Many of the other solutions offered this thread are not doing this correctly.
Splitting on \r\n\r\n is not reliable when CURLOPT_FOLLOWLOCATION is on or when the server responds with a 100 code RFC-7231, MDN.
Not all servers are standards compliant and transmit just a \n for new lines (and a recipient may discard the \r in the line terminator) Q&A.
Detecting the size of the headers via CURLINFO_HEADER_SIZE is also not always reliable, especially when proxies are used Curl-1204 or in some of the same redirection scenarios.
The most correct method is using CURLOPT_HEADERFUNCTION.
Here is a very clean method of performing this using PHP closures. It also converts all headers to lowercase for consistent handling across servers and HTTP versions.
This version will retain duplicated headers
This complies with RFC822 and RFC2616, please do not make use of the mb_ (and similar) string functions, it is a not only incorrect but even a security issue RFC-7230!
$ch = curl_init();
$headers = [];
curl_setopt($ch, CURLOPT_URL, $url);
curl_setopt($ch, CURLOPT_RETURNTRANSFER, 1);
// this function is called by curl for each header received
curl_setopt($ch, CURLOPT_HEADERFUNCTION,
function($curl, $header) use (&$headers)
{
$len = strlen($header);
$header = explode(':', $header, 2);
if (count($header) < 2) // ignore invalid headers
return $len;
$headers[strtolower(trim($header[0]))][] = trim($header[1]);
return $len;
}
);
$data = curl_exec($ch);
print_r($headers);

Curl has a built in option for this, called CURLOPT_HEADERFUNCTION. The value of this option must be the name of a callback function.
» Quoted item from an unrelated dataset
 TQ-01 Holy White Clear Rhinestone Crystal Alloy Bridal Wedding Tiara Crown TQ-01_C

Curl will pass the header (and the header only!) to this callback function, line-by-line (so the function will be called for each header line, starting from the top of the header section). Your callback function then can do anything with it (and must return the number of bytes of the given line). Here is a tested working code:
function HandleHeaderLine( $curl, $header_line ) {
echo "<br>YEAH: ".$header_line; // or do whatever
return strlen($header_line);
}
$ch = curl_init();
curl_setopt($ch, CURLOPT_URL, "http://www.google.com");
curl_setopt($ch, CURLOPT_RETURNTRANSFER, 1);
curl_setopt($ch, CURLOPT_HEADERFUNCTION, "HandleHeaderLine");
$body = curl_exec($ch);
The above works with everything, different protocols and proxies too, and you dont need to worry about the header size, or set lots of different curl options.
P.S.: To handle the header lines with an object method, do this:
curl_setopt($ch, CURLOPT_HEADERFUNCTION, array($object, 'methodName'))
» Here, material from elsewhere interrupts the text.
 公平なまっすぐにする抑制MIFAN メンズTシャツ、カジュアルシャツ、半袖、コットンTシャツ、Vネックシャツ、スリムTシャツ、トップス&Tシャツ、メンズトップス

is this what are you looking to?
curl_setopt($ch, CURLOPT_HTTPHEADER, array('Expect:'));
$response = curl_exec($ch);
list($header, $body) = explode("\r\n\r\n", $response, 2);

If you specifically want the Content-Type, there's a special cURL option to retrieve it:
$ch = curl_init($url);
curl_setopt($ch, CURLOPT_RETURNTRANSFER, 1);
$response = curl_exec($ch);
$content_type = curl_getinfo($ch, CURLINFO_CONTENT_TYPE);

Just set options :
CURLOPT_HEADER, 0
CURLOPT_RETURNTRANSFER, 1
and use curl_getinfo with CURLINFO_HTTP_CODE (or no opt param and you will have an associative array with all the informations you want)
More at : http://php.net/manual/fr/function.curl-getinfo.php

curl_setopt($ch, CURLOPT_RETURNTRANSFER, 1);
curl_setopt($ch, CURLOPT_VERBOSE, 1);
curl_setopt($ch, CURLOPT_HEADER, 1);
$parts = explode("\r\n\r\nHTTP/", $response);
$parts = (count($parts) > 1 ? 'HTTP/' : '').array_pop($parts);
list($headers, $body) = explode("\r\n\r\n", $parts, 2);
Works with HTTP/1.1 100 Continue before other headers.
If you need work with buggy servers which sends only LF instead of CRLF as line breaks you can use preg_split as follows:
curl_setopt($ch, CURLOPT_RETURNTRANSFER, 1);
curl_setopt($ch, CURLOPT_VERBOSE, 1);
curl_setopt($ch, CURLOPT_HEADER, 1);
$parts = preg_split("#\r?\n\r?\nHTTP/#u", $response);
$parts = (count($parts) > 1 ? 'HTTP/' : '').array_pop($parts);
list($headers, $body) = preg_split("#\r?\n\r?\n#u", $parts, 2);

My way is
$response = curl_exec($ch);
$x = explode("\r\n\r\n", $v, 3);
$header=http_parse_headers($x[0]);
if ($header=['Response Code']==100){ //use the other "header"
$header=http_parse_headers($x[1]);
$body=$x[2];
}else{
$body=$x[1];
}
If needed apply a for loop and remove the explode limit.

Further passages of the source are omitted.